◆ EXERCISE ◆
Retype the whole listing below exactly, keeping every picture out of it.

◆ DATA PROVIDED ◆
==============================
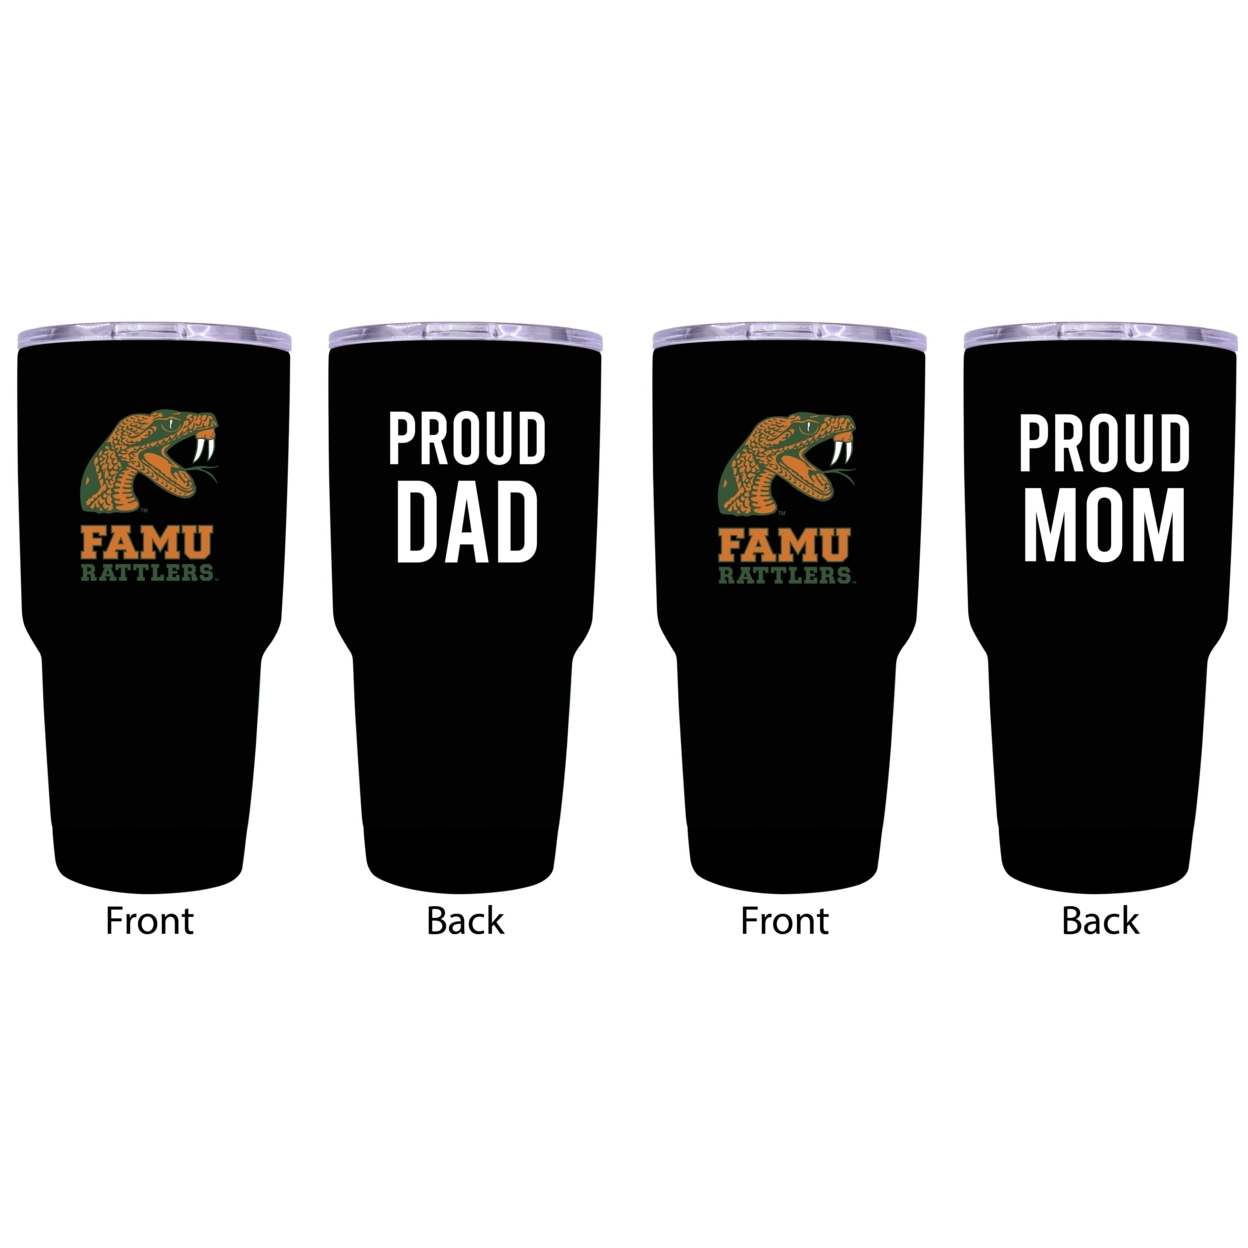 Florida A&M Rattlers Proud Mom And Dad 24 Oz Insulated Stainless Steel Tumblers 2 Pack Black.
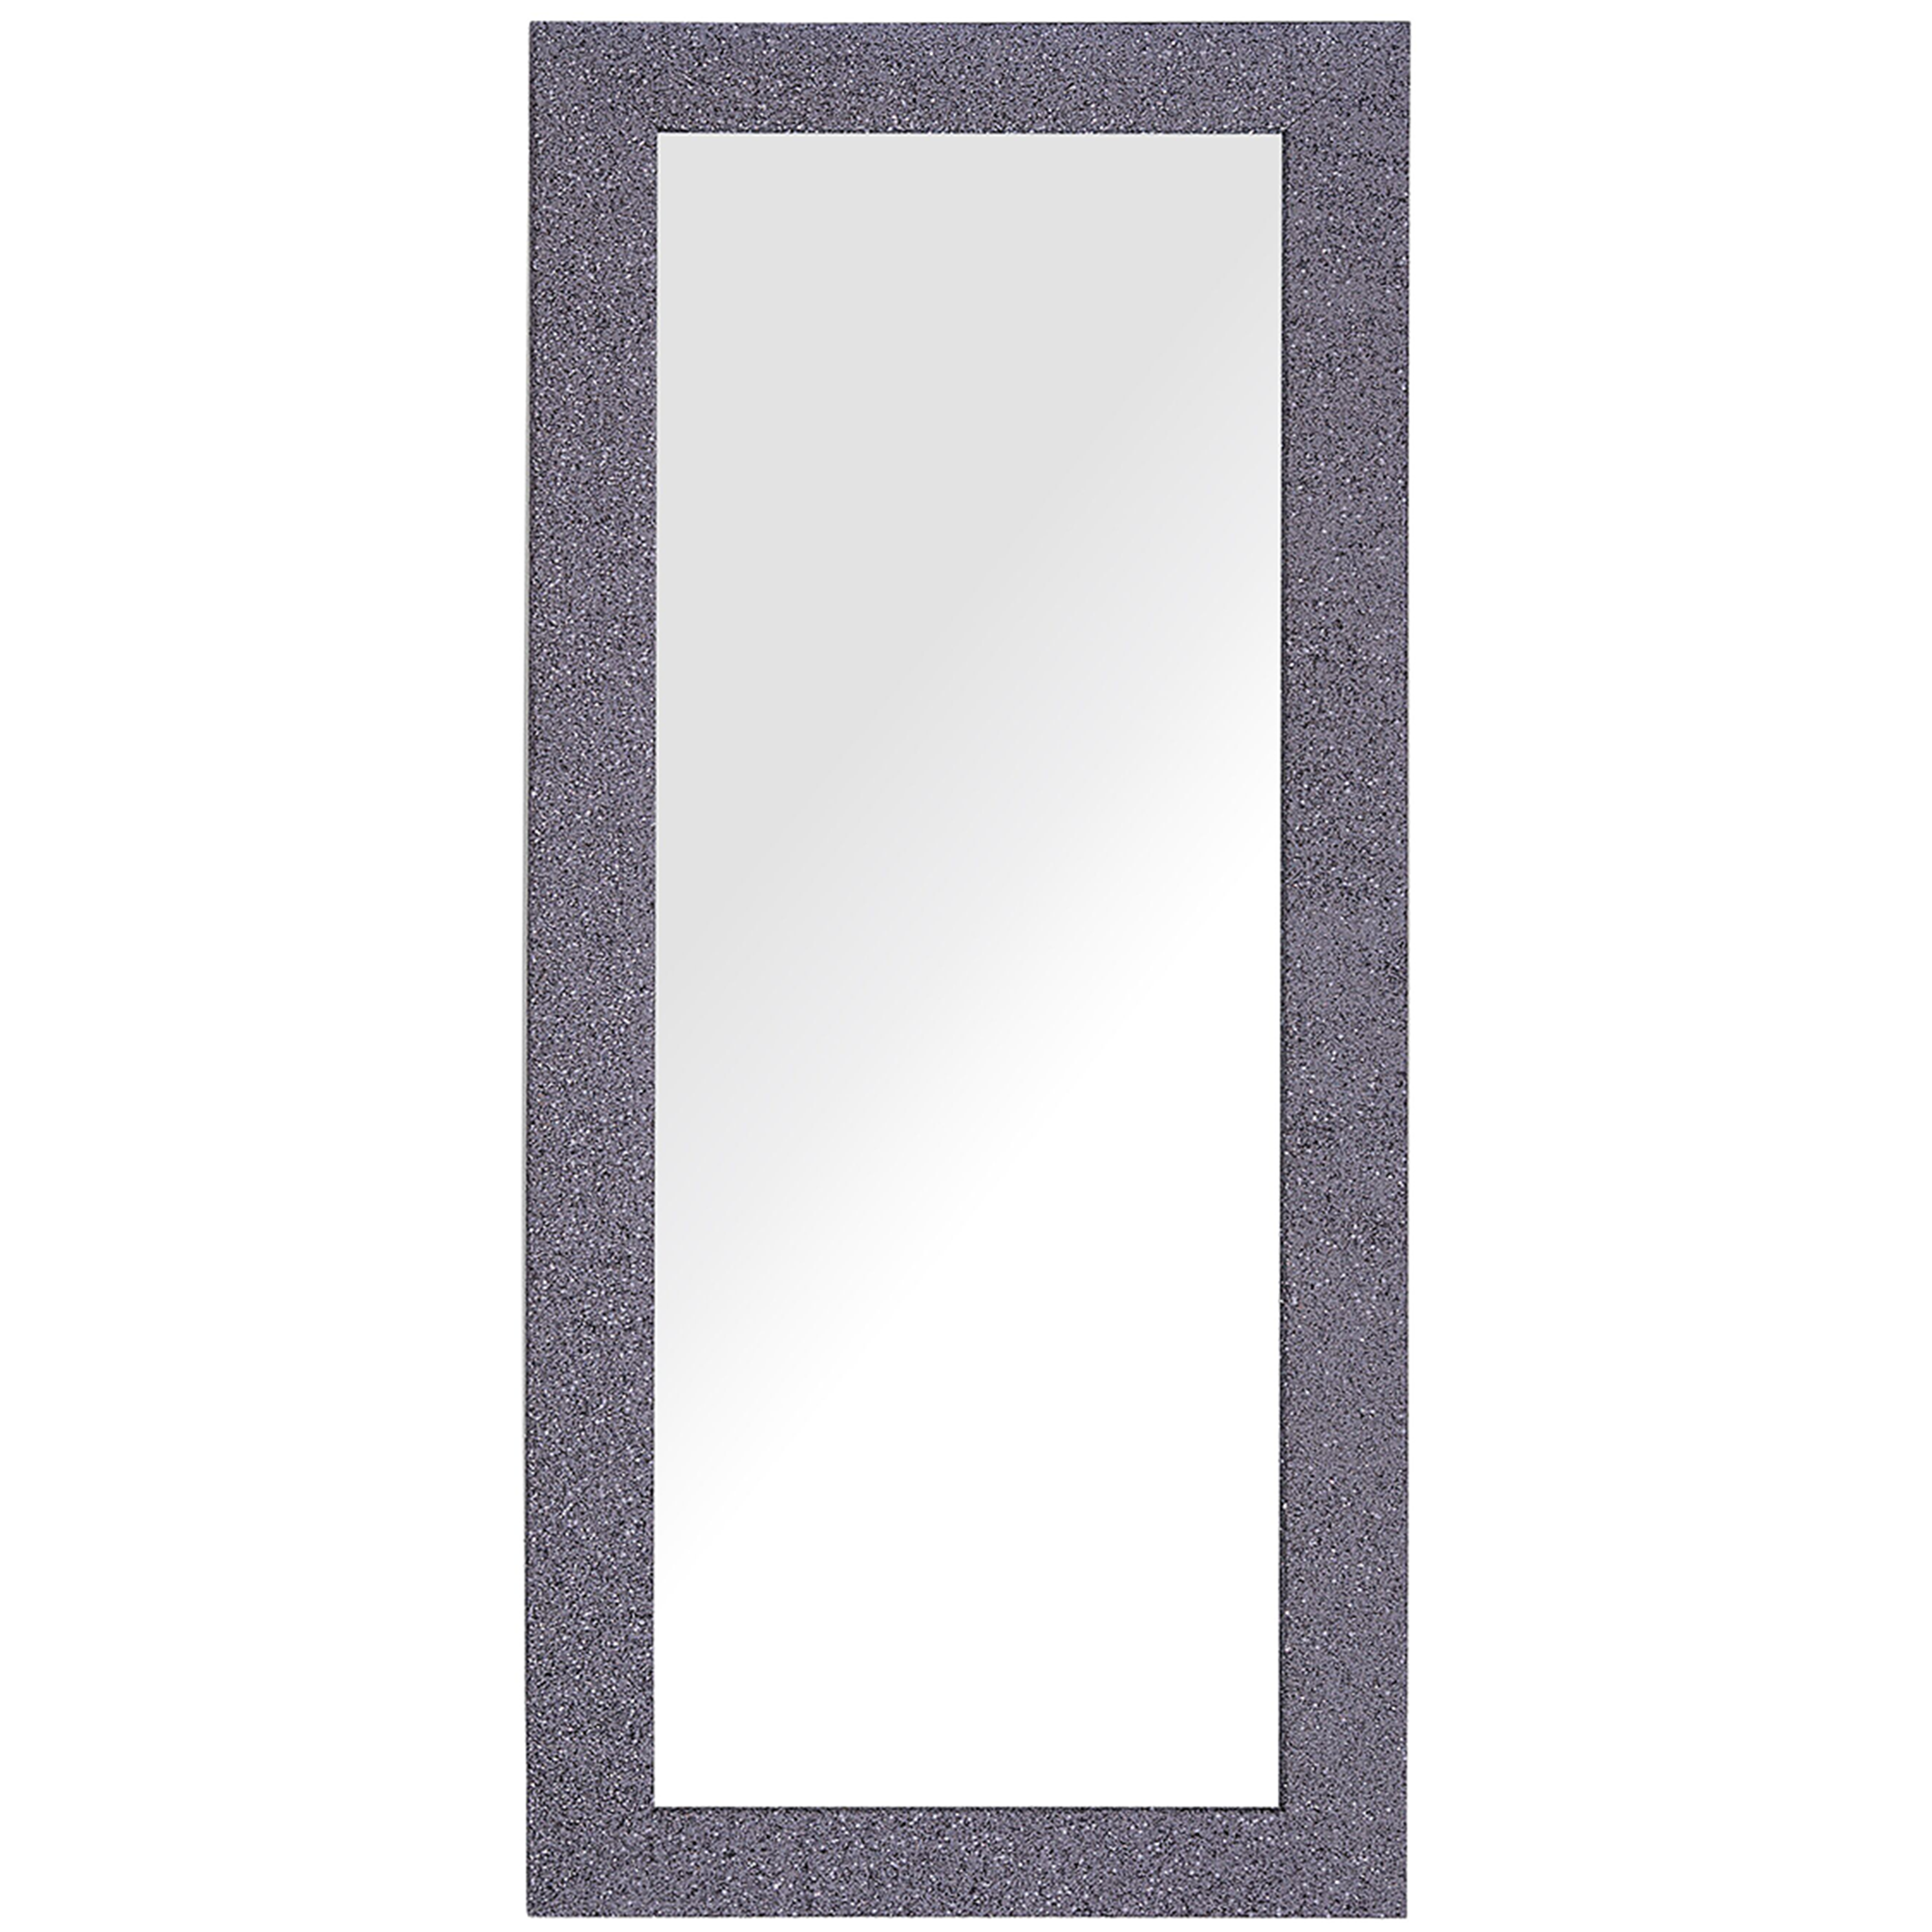 Beliani Wall Mounted Hanging Mirror Grey with Lilac 51 x 130 cm Stone Effect Industrial Rectangular
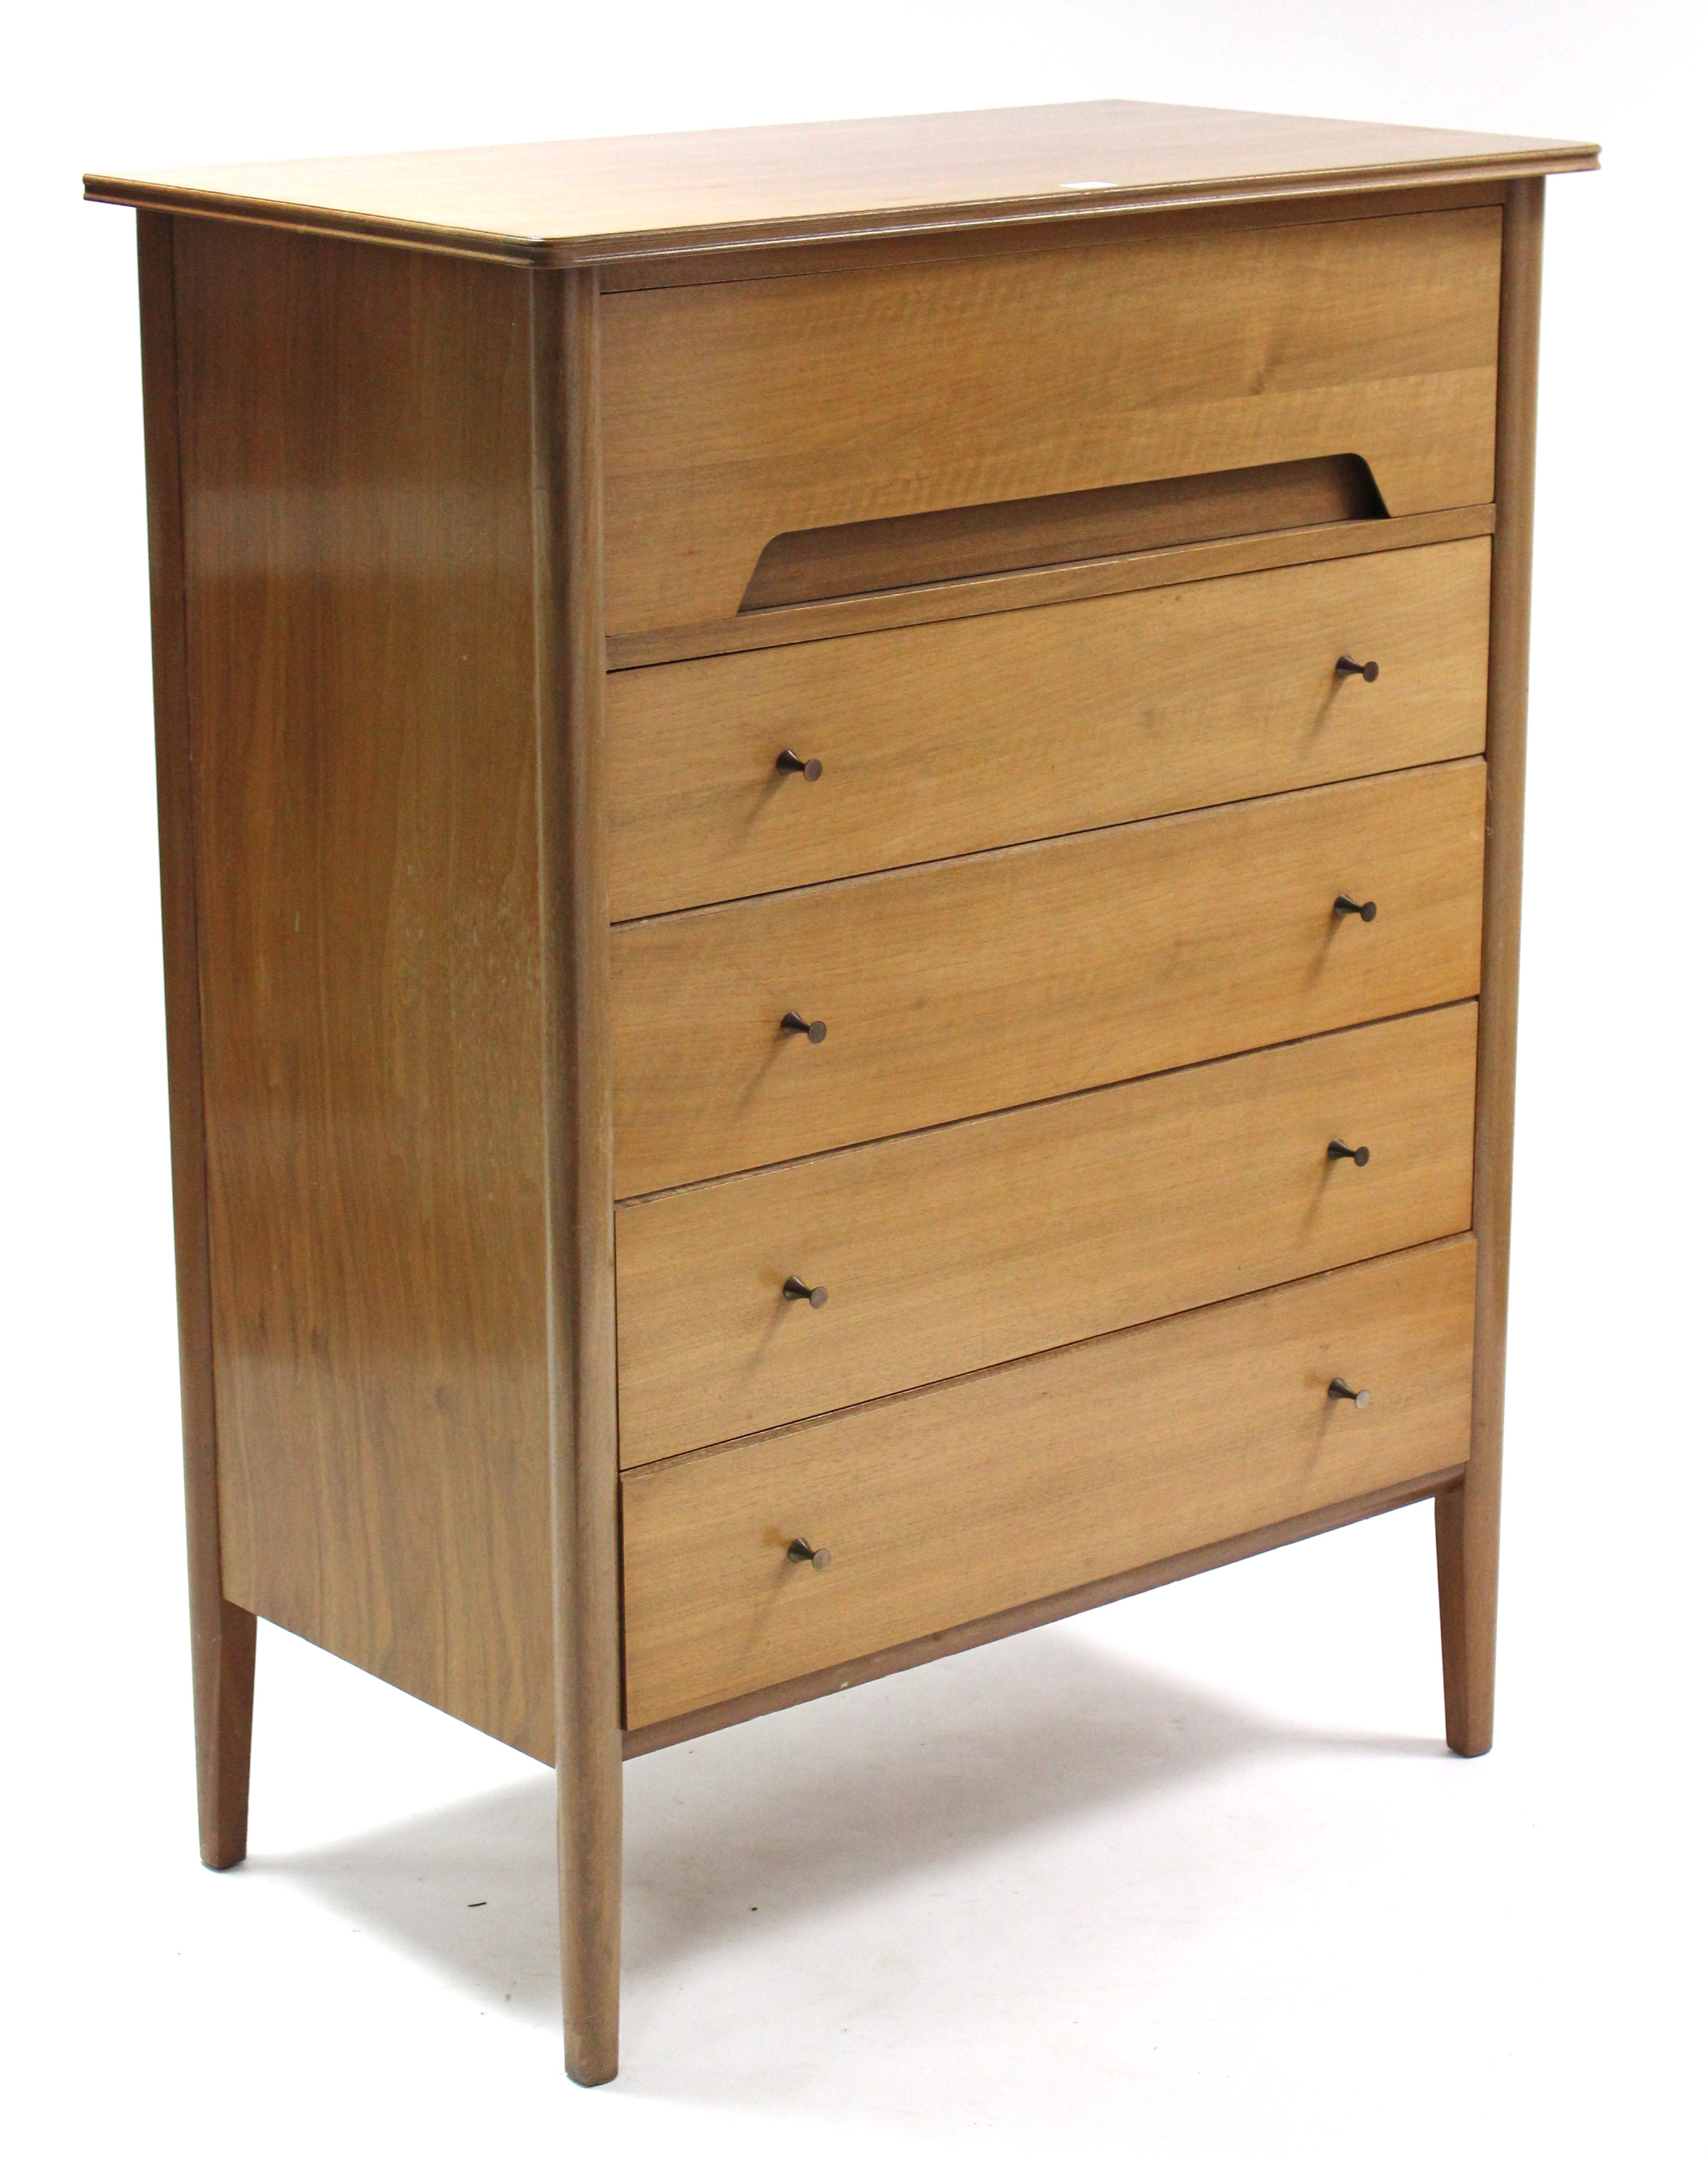 A mid-20th century mahogany-finish upright chest, fitted five long graduated drawers, 35¼” wide x
==============================
◆ YOUR RESPONSE ◆
 Florida A&M Rattlers Proud Mom And Dad 24 Oz Insulated Stainless Steel Tumblers 2 Pack Black.
 Beliani Wall Mounted Hanging Mirror Grey with Lilac 51 x 130 cm Stone Effect Industrial Rectangular
 A mid-20th century mahogany-finish upright chest, fitted five long graduated drawers, 35¼” wide x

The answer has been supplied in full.